On MS Windows you reboot even for no reason  :Wink:  I think MS would even like to reboot after you have saved your Word document (just to sure that the cache has been committed)   :Laughing: 

BR

----------

## eccerr0r

For me it was an unexpected failure, I didn't change the profile - normally it wouldn't fail like this.  The link error was in syslog but was quite cryptic...

----------

## cboldt

FWIW, I run "lib_users" after doing updates, and restart services to get that report cleaned up.  Not sure it would have caught the mismatch you describe, but I think it would have.

I try to reboot rarely, just out of principle, no practical reason, but did reboot after profile change and emerge -e @world, just to make sure it would (reboot).

----------

## krinn

Just to prove my memory is gold, here's Naib code that would had saved you...

Thanks goes to Naib so (but i'm not against a little pic of you praising my memory!)

----------

## eccerr0r

Actually I don't think it would help in this case, because it's a link on demand - the problem library isn't actually loaded in memory until needed, and at that point the failure is detected.

Granted that searching for programs that require restarts that way is helpful (it may have hinted that vixie-cron may have other programs that other libraries indeed does need a restart), most programs don't need immediate restarts because these libraries are saved in memory even if you delete the binaries -- which is why people get the false impression a restart isn't necessary after updates.

----------

## Zucca

I use metalog to send alerts if it sees something fishy.

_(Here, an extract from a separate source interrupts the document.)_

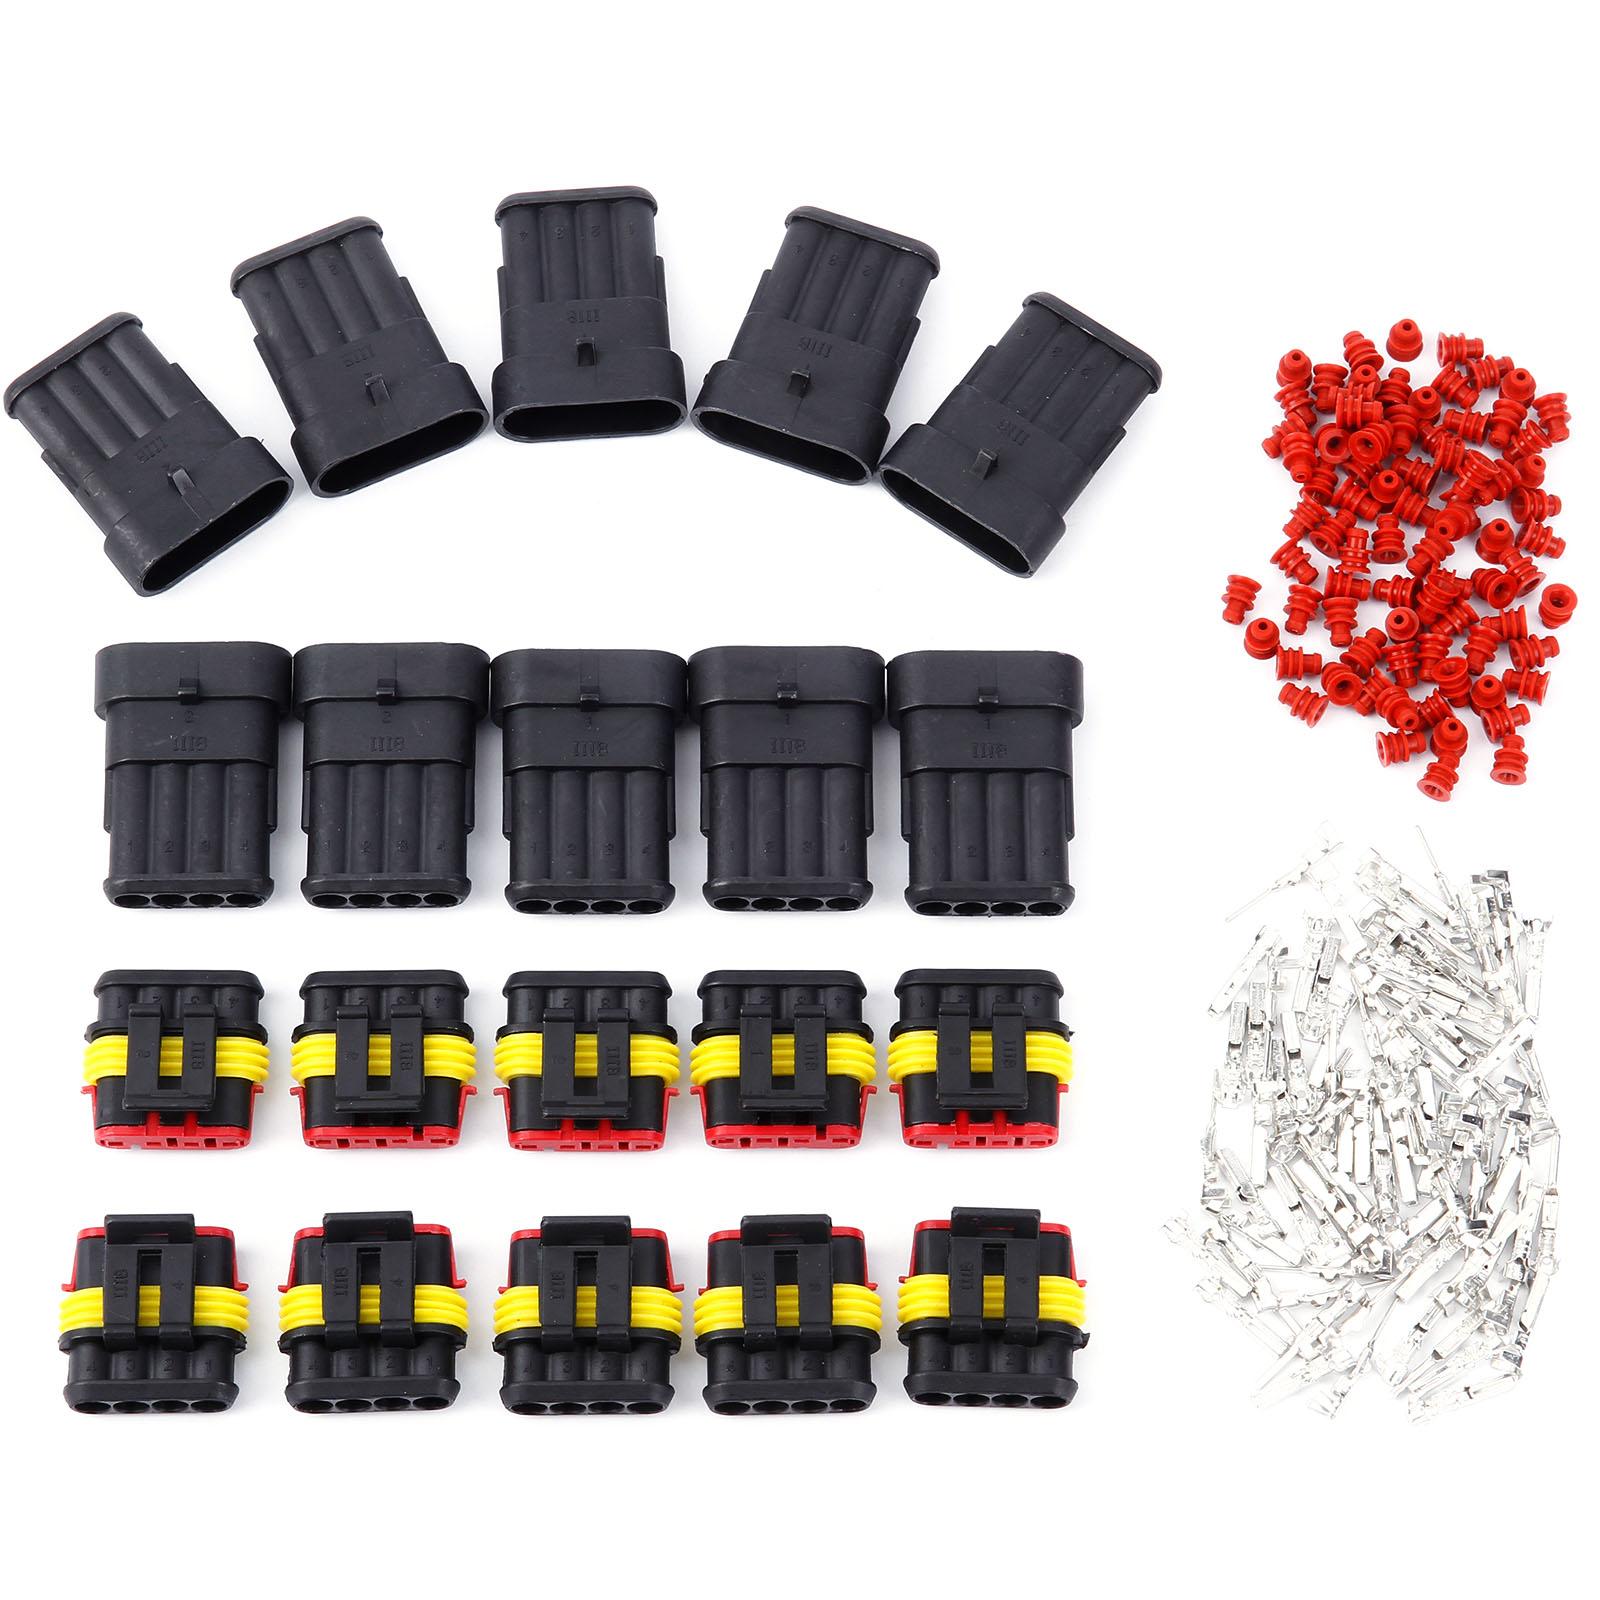 2 3 4 polig superseal set wasserdicht steckverbinder elektrik kfz rot gr n gelb ebay. Black Bedroom Furniture Sets. Home Design Ideas

Simplest thing could probably be to just to run beep (PC-speaker), but to reach further a mail should be sent for example.

----------

## Hu

I hit this failure recently on a system that had received a sys-libs/glibc update, but no recent PAM updates.  Therefore, I think it was the libc upgrade which provoked the problem, so anything that flagged programs running an old libc (which unfortunately is almost all of them) probably would have reported the need for intervention just on the basis that a deleted libc was in use, independent of whether that broke PAM.

----------

## Anon-E-moose

I always bounce the box after a libc update.

----------